I have a small cluster with 3 machines, and another machine for developing and testing. When developing, I set SparkContext
to local
. When everything is OK, I want to deploy the Jar file I build to every node. Basically I manually move this jar to cluster and copy to HDFS which shared by the cluster. Then I could change the code to:
//standalone mode
val sc = new SparkContext(
"spark://mymaster:7077",
"Simple App",
"/opt/spark-0.9.1-bin-cdh4", //spark home
List("hdfs://namenode:8020/runnableJars/SimplyApp.jar") //jar location
)
to run it in my IDE. My question: Is there any way easier to move this jar to cluster?
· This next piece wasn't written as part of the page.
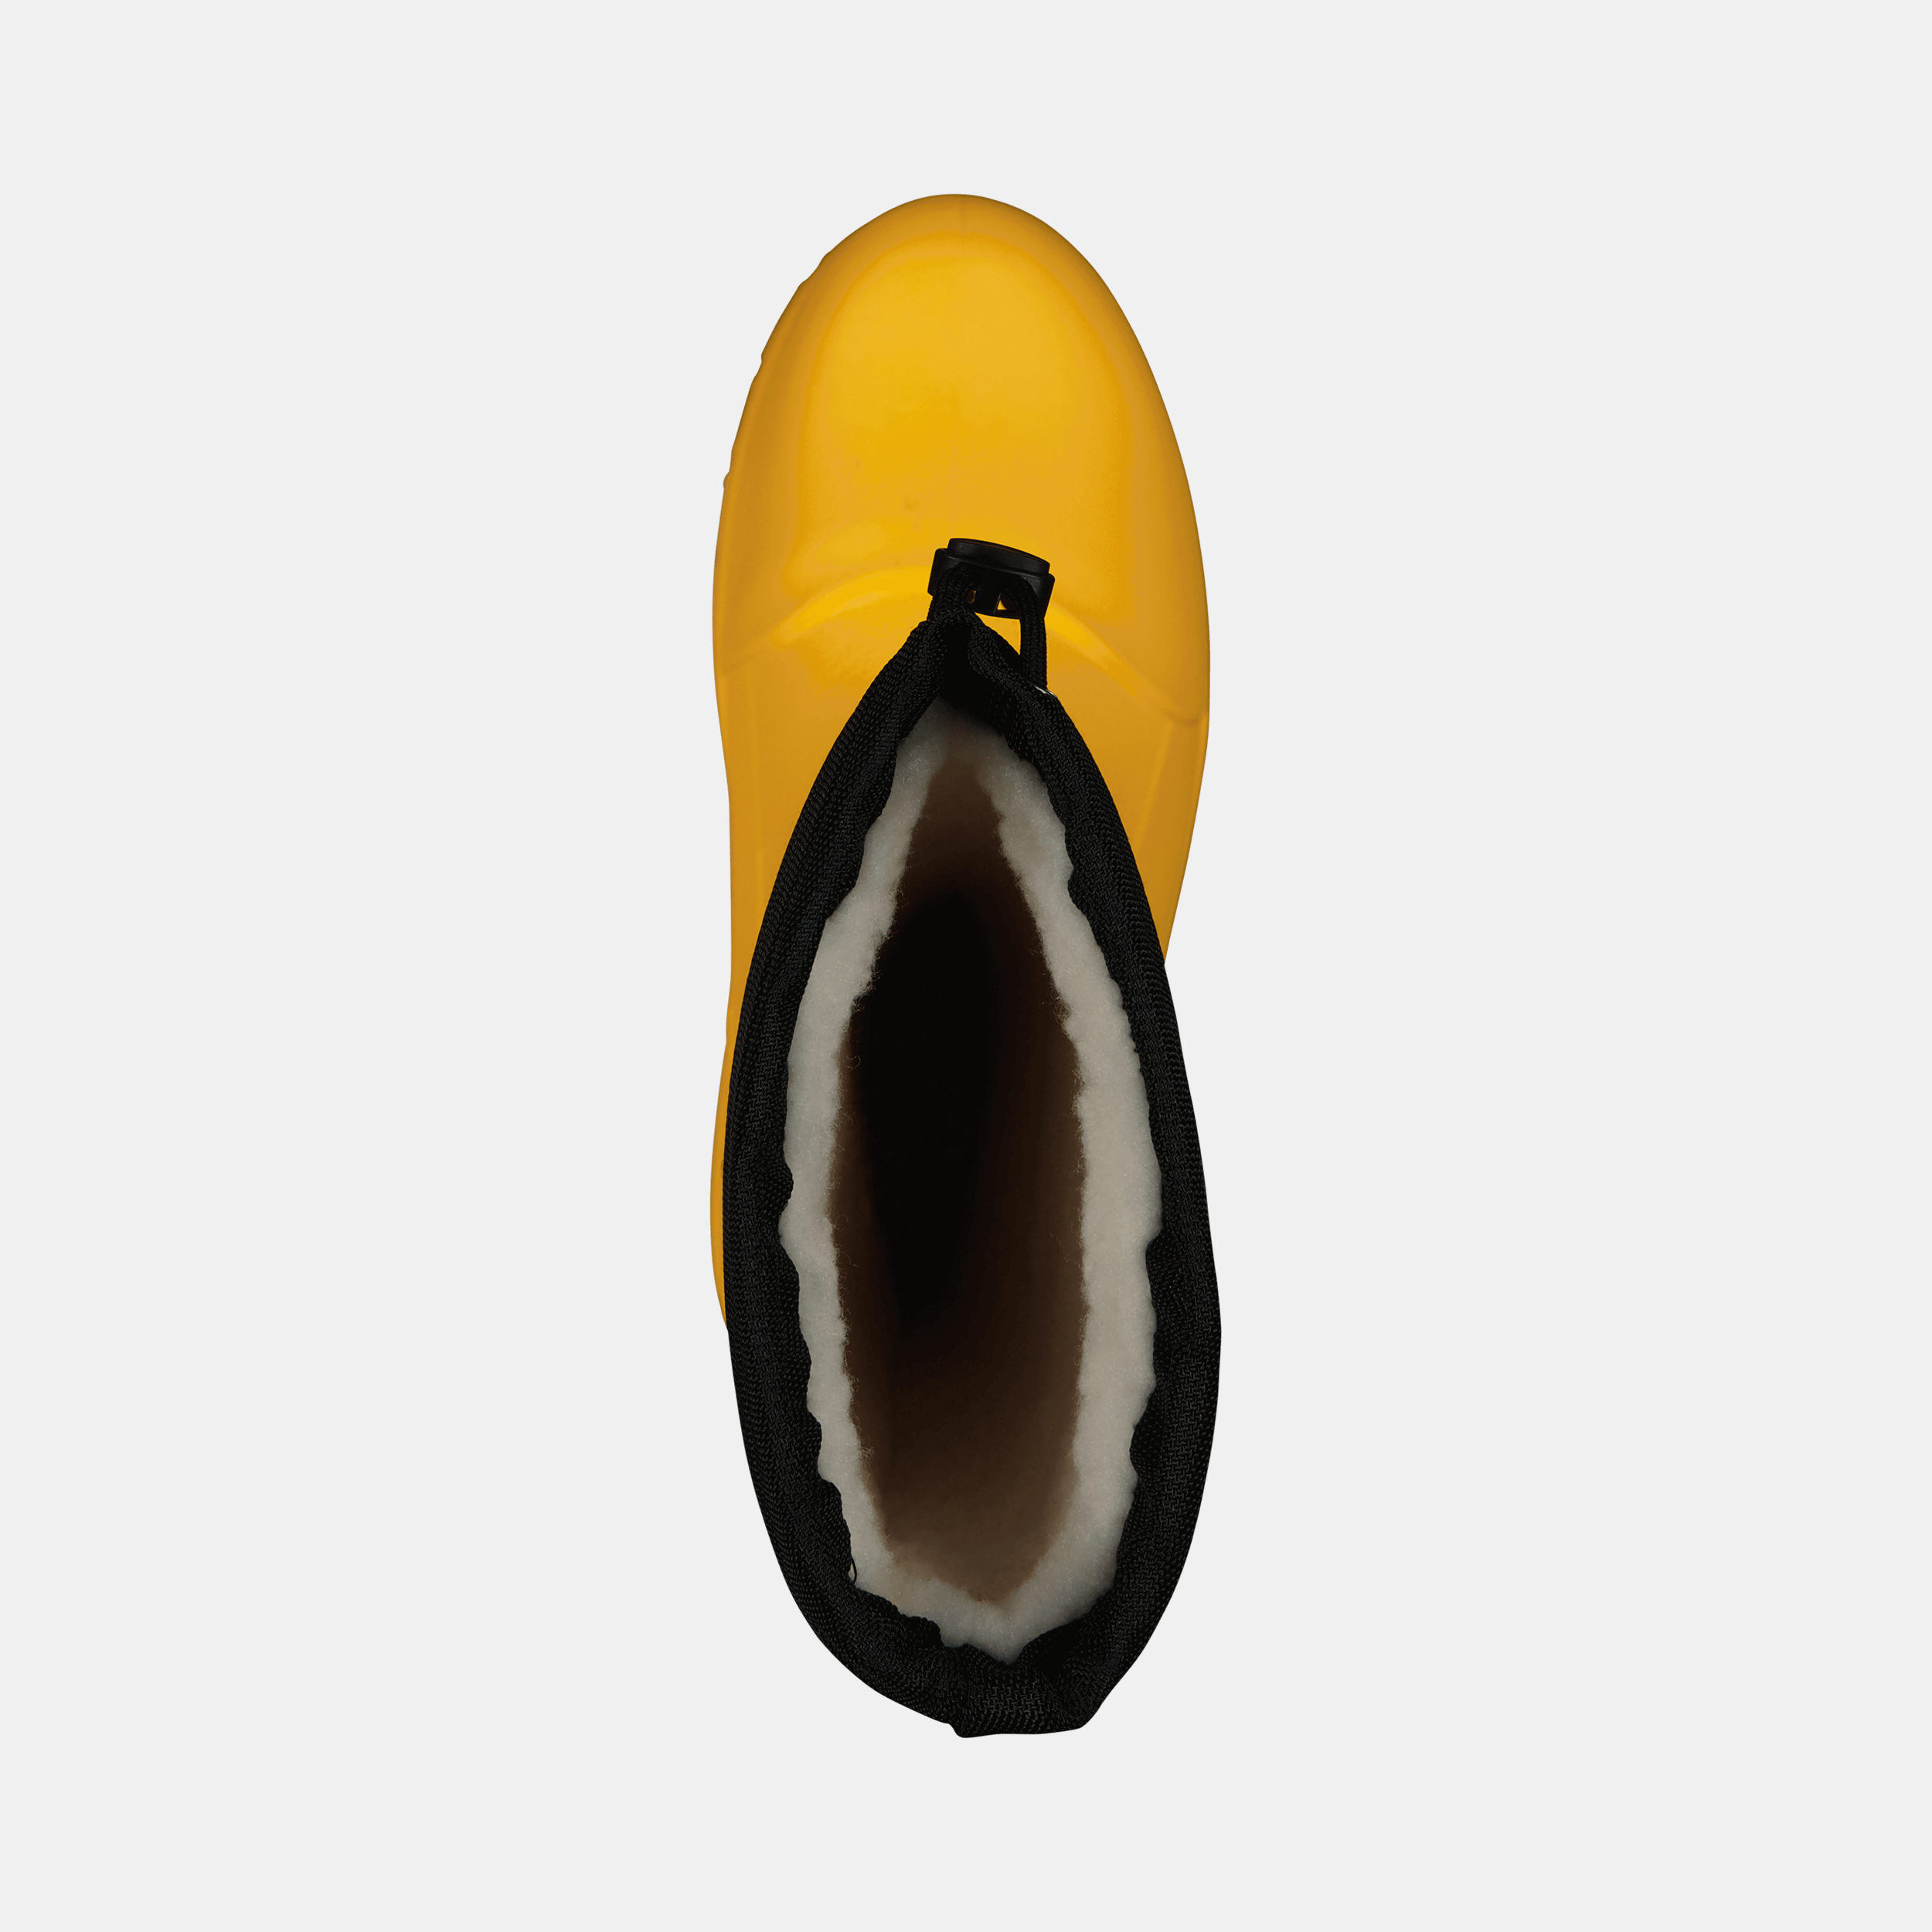 Fubuki Boots, i doposci svedesi leggerissimi e impermeabili

Use spark://HOST:PORT for Standalone cluster, replace the host and port of stand-alone cluster. Use local to run locally with a one worker thread. Use local[k] and specify k with the number of cores you have locally, this runs application with k worker threads.
So the only difference between Standalone and local mode is that in Standalone you are defining "containers" for the worker and spark master to run in your machine (so you can have 2 workers and your tasks can be distributed in the JVM of those two workers?)
Spark's standalone mode offers a web-based user interface to monitor the cluster. The master and each worker has its own web UI that shows cluster and job statistics. By default, you can access the web UI for the master at port 8080. The port can be changed either in the configuration file or via command-line options.
In Spark, the program creating the SparkContext is called 'the driver'. It's sufficient that the jar file with your job is available to the local file system of the driver in order for it to pick it up and ship it to the master/workers.
In concrete, your config will look like:
//favor using Spark Conf to configure your Spark Context
val conf = new SparkConf()
.setMaster("spark://mymaster:7077")
.setAppName("SimpleApp")
.set("spark.local.ip", "172.17.0.1")
.setJars(Array("/local/dir/SimplyApp.jar"))
val sc = new SparkContext(conf)
Under the hood, the driver will start a server where the workers will download the jar file(s) from the driver. It's therefore important (and often an issue) that the workers have network access to the driver. This can often be ensured by setting 'spark.local.ip' on the driver in a network that's accessible/routable from the workers.